Chenyu Chu, Qiang Xu, Junhua Rao, Yuefeng Li. Taking supraorbital keyhole approach operation to build cynomolgus monkey middle cerebral artery occlusion model[J]. Chinese Journal of Brain Diseases and Rehabilitation(Electronic Edition), 2024, 14(01): 8-13.

目的

应用眶上锁孔入路手术方法建立食蟹猴大脑中动脉闭塞(MCAO)模型并评价模型制作效果。

方法

4只普通级实验猴随机分为2组,手术组3只实验猴经左侧眶上锁孔入路手术开颅,显露并电凝切断左侧大脑中动脉M1段起始部,建立MCAO模型;对照组1只实验猴经左侧眶上锁孔入路手术开颅,仅显露左侧大脑中动脉M1段起始部,不电凝切断,作为阴性对照。分别于术后24 h、3 d、7 d、14 d、28 d对所有实验猴行非人灵长类动物卒中量表(NHPSS)评分,于术后7 d对所有实验猴行头颅MRI轴位T2加权扫描。

结果

所有实验猴术后无死亡,无明显术后并发症,实验周期内均存活良好。手术组实验猴术后24 h、3 d、7 d、14 d、28 d的NHPSS评分分别为(19.67±1.15)、(22.00±1.00)、(19.33±1.15)、(18.67±1.53)、(18.00±1.00)分。对照组实验猴术后24 h、3 d、7 d、14 d、28 d的NHPSS评分均为0分。头颅MRI轴位T2WI提示:手术组实验猴左侧大脑中动脉支配区域脑组织均出现梗死灶,分布于左侧额叶、顶叶、颞叶及基底节区的部分区域,伴有轻度脑水肿;对照组实验猴脑内无梗死灶及脑水肿形成。

结论

应用眶上锁孔入路手术方法造模具备微创优势,模型效果可靠,重复性好,适合进行食蟹猴MCAO模型的批量制作。

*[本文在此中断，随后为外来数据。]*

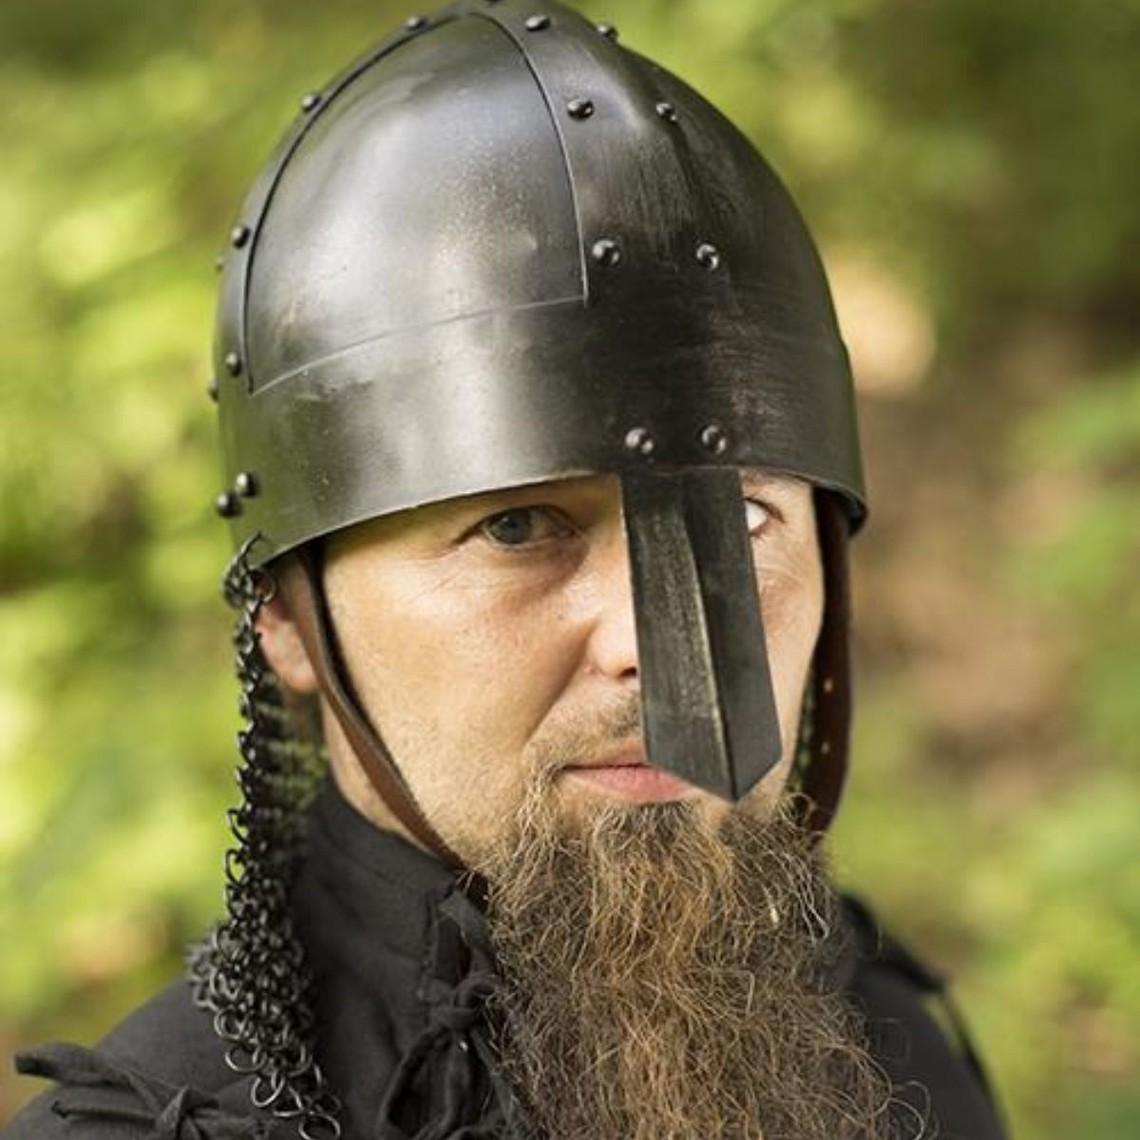 Epic Armoury Viking spangenhelm con cota de malla, oscuro

关键词: 大脑中动脉闭塞, 眶上, 锁孔入路, 食蟹猴, 动物模型
Objective

To evaluate the effectiveness of building cynomolgus monkey middle cerebral artery occlusion (MCAO) model by taking supraorbital keyhole approach operation.

Methods

Four ordinary grade experimental monkeys were randomly divided into two groups. Three experimental monkeys of operation group underwent left supraorbital keyhole approach craniotomy, initial part of M1 segment of left middle cerebral artery was exposed and then coagulated and cut to make MCAO model. One experimental monkey of control group underwent left supraorbital keyhole approach craniotomy, initial part of M1 segment of left middle cerebral artery was exposed but not coagulated and cut to make negative control. All experimental monkeys were evaluated using the non-human primate stroke scale (NHPSS) at 24 h, 3 d, 7 d, 14 d, and 28 d postoperatively. Brain MRI axial T2 weighted scans were performed on all experimental monkeys at 7 d postoperatively.

Results

All experimental monkeys survived after operation without any significant postoperative complications, and lived well during experimental period. The NHPSS scores of the operation group at postoperative time of 24 h, 3 d, 7 d, 14 d, 28 d was (19.67±1.15), (22.00±1.00), (19.33±1.15), (18.67±1.53), (18.00±1.00) points respectively. The NHPSS scores of the control group at postoperative time of 24 h, 3 d, 7 d, 14 d, 28 d were all 0 points. Brain MRI axial T2 weighted scan at 7 d after operation showed that brain infarction focus appeared in the blood supply area of left middle cerebral artery of all experimental monkeys of operation group, scattered in the left frontal lobe, parietal lobe, temporal lobe and basal ganglion area, and accompanied with mild cerebral edema, whereas no brain infarction focus and brain edema was appeared in the experimental monkey of control group.

Conclusion

The application of the supraorbital keyhole approach surgical method has the advantage of minimally invasion, reliable model effect, good repeatability. The approach method has good repeatability and can make mass production of cynomolgus monkey MCAO models.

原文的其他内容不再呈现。